Among the entries below, retype exactly the lines starting with the one with "Glokers Early Learning" and going on through the one with "Deakin & Francis", but not the pictures.
┌─ Data listing
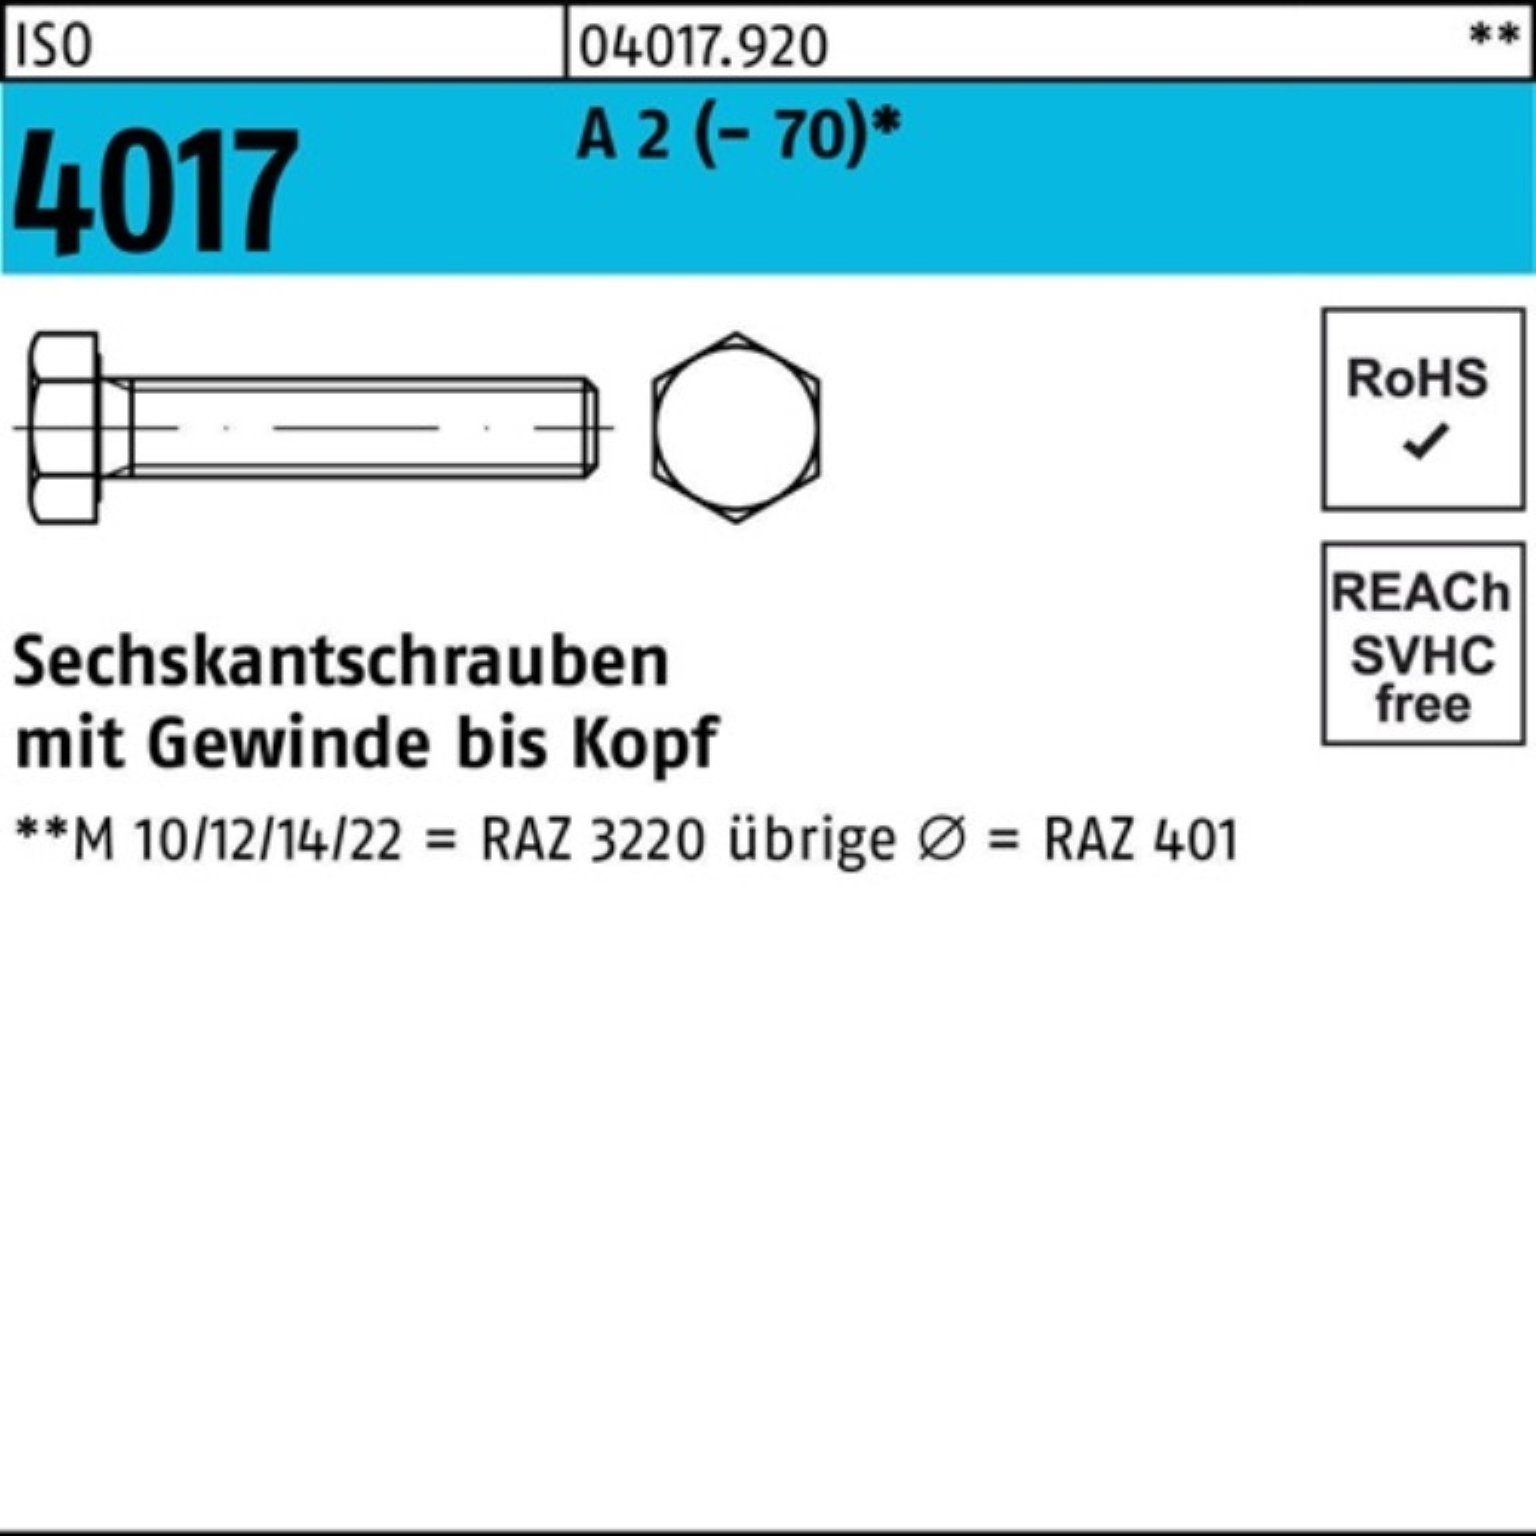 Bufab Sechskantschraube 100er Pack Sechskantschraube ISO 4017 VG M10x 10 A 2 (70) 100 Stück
└─
┌─ Data listing
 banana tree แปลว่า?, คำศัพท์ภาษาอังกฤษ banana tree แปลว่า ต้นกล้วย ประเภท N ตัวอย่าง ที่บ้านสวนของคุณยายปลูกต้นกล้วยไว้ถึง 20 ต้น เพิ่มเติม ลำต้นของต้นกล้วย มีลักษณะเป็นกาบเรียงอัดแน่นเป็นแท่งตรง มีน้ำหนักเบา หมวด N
└─
┌─ Data listing
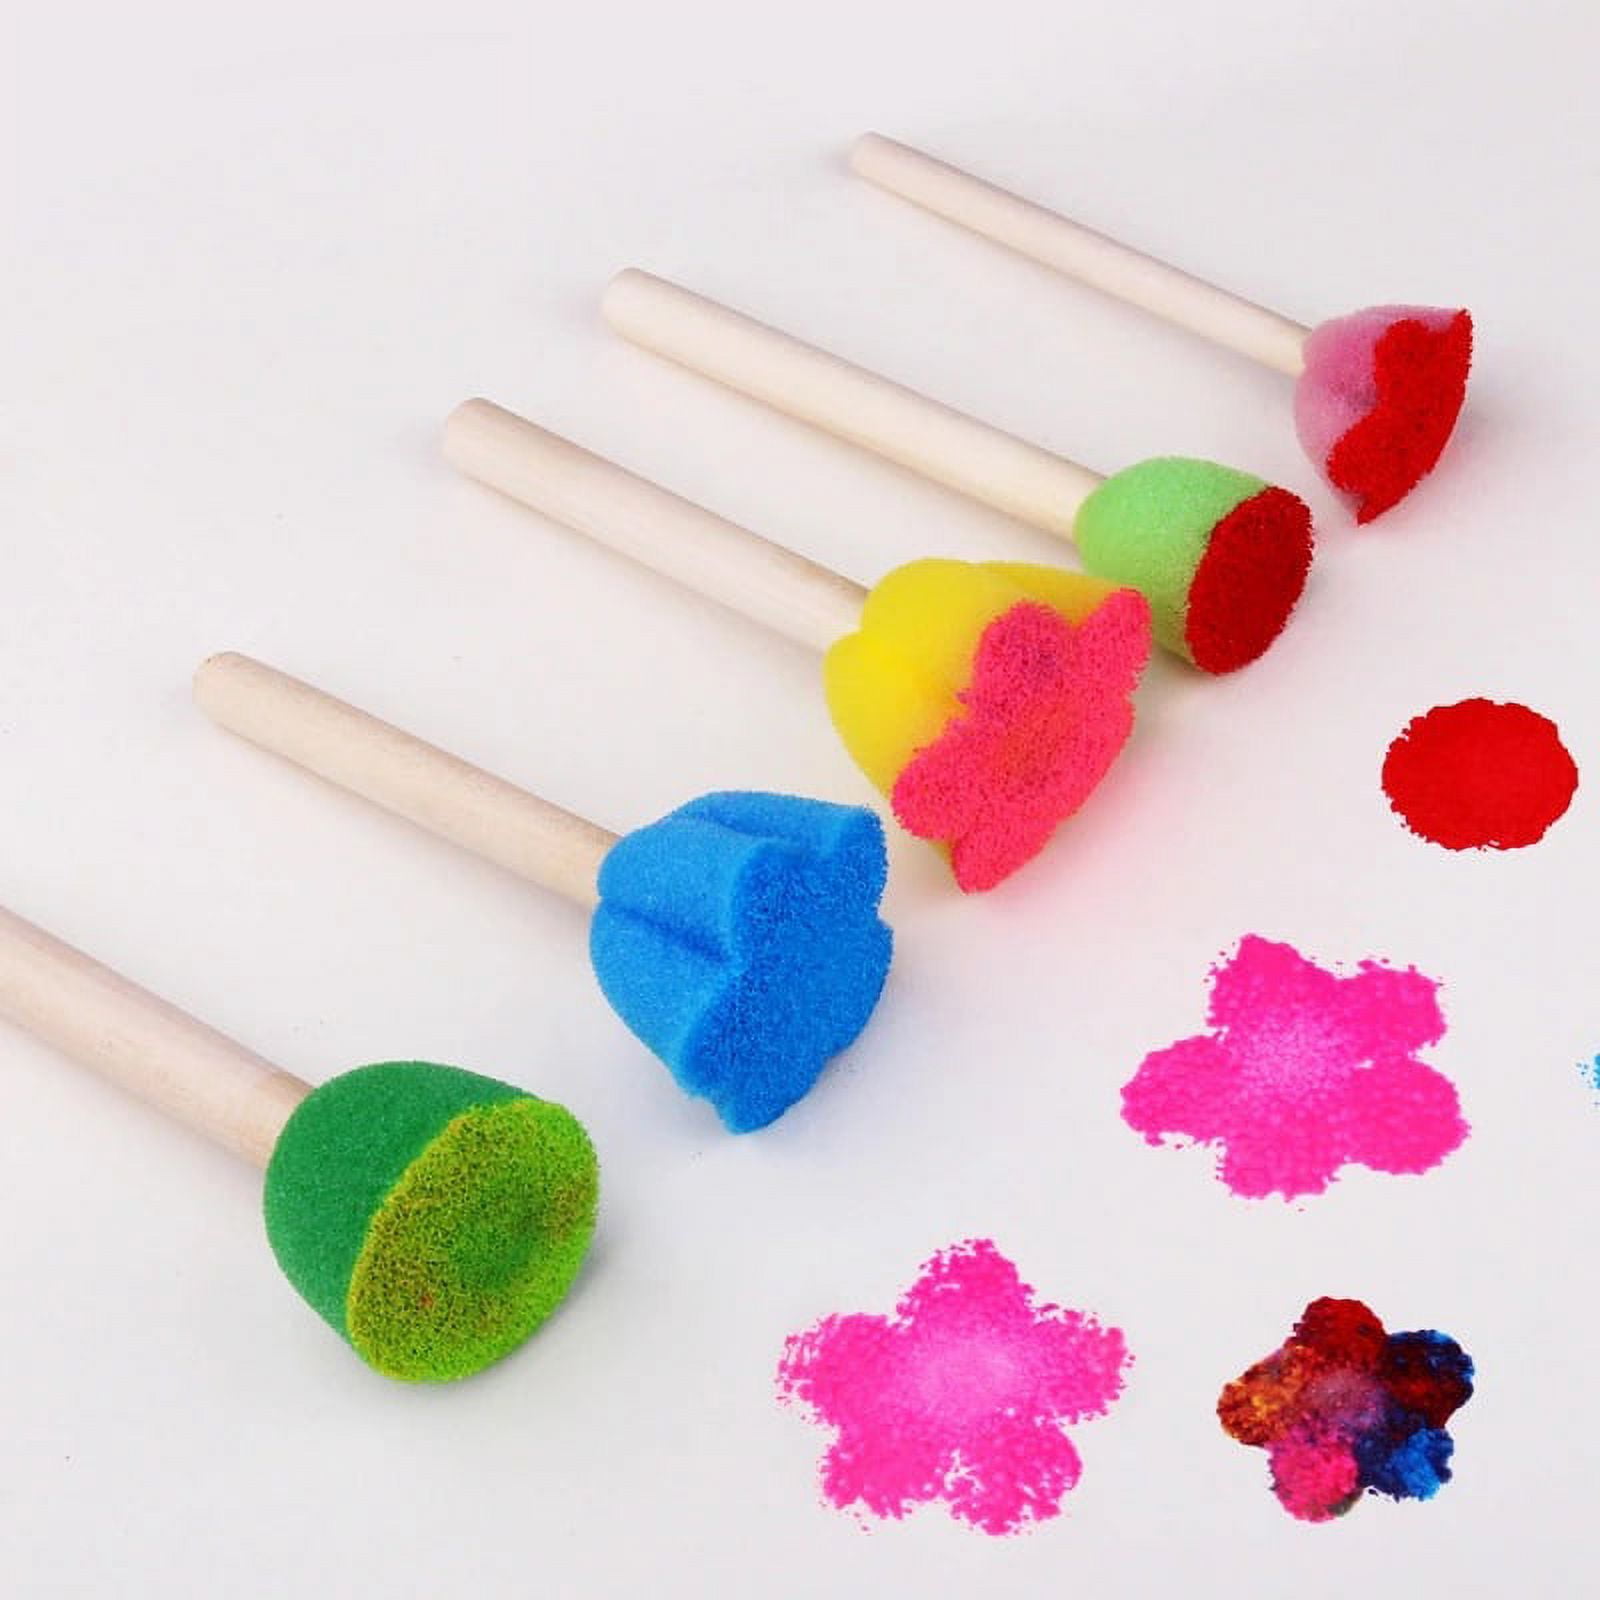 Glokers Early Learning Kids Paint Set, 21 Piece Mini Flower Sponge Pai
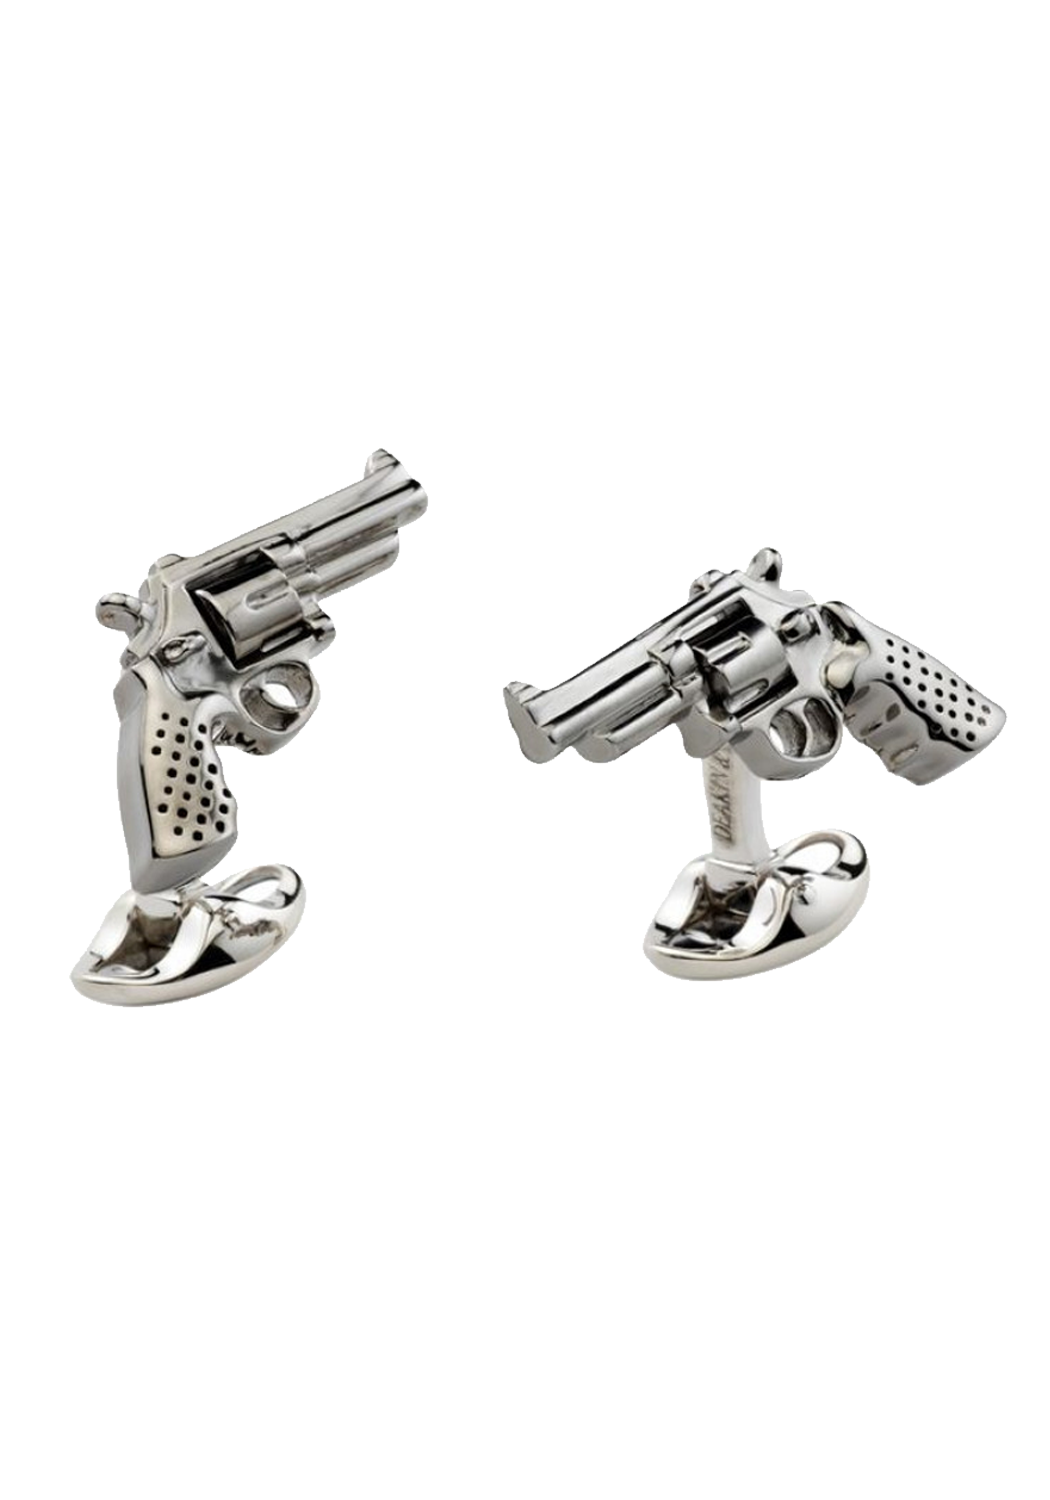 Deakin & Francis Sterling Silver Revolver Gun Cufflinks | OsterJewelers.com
└─
■ Answer to the exercise:
 Glokers Early Learning Kids Paint Set, 21 Piece Mini Flower Sponge Pai
 Deakin & Francis Sterling Silver Revolver Gun Cufflinks | OsterJewelers.com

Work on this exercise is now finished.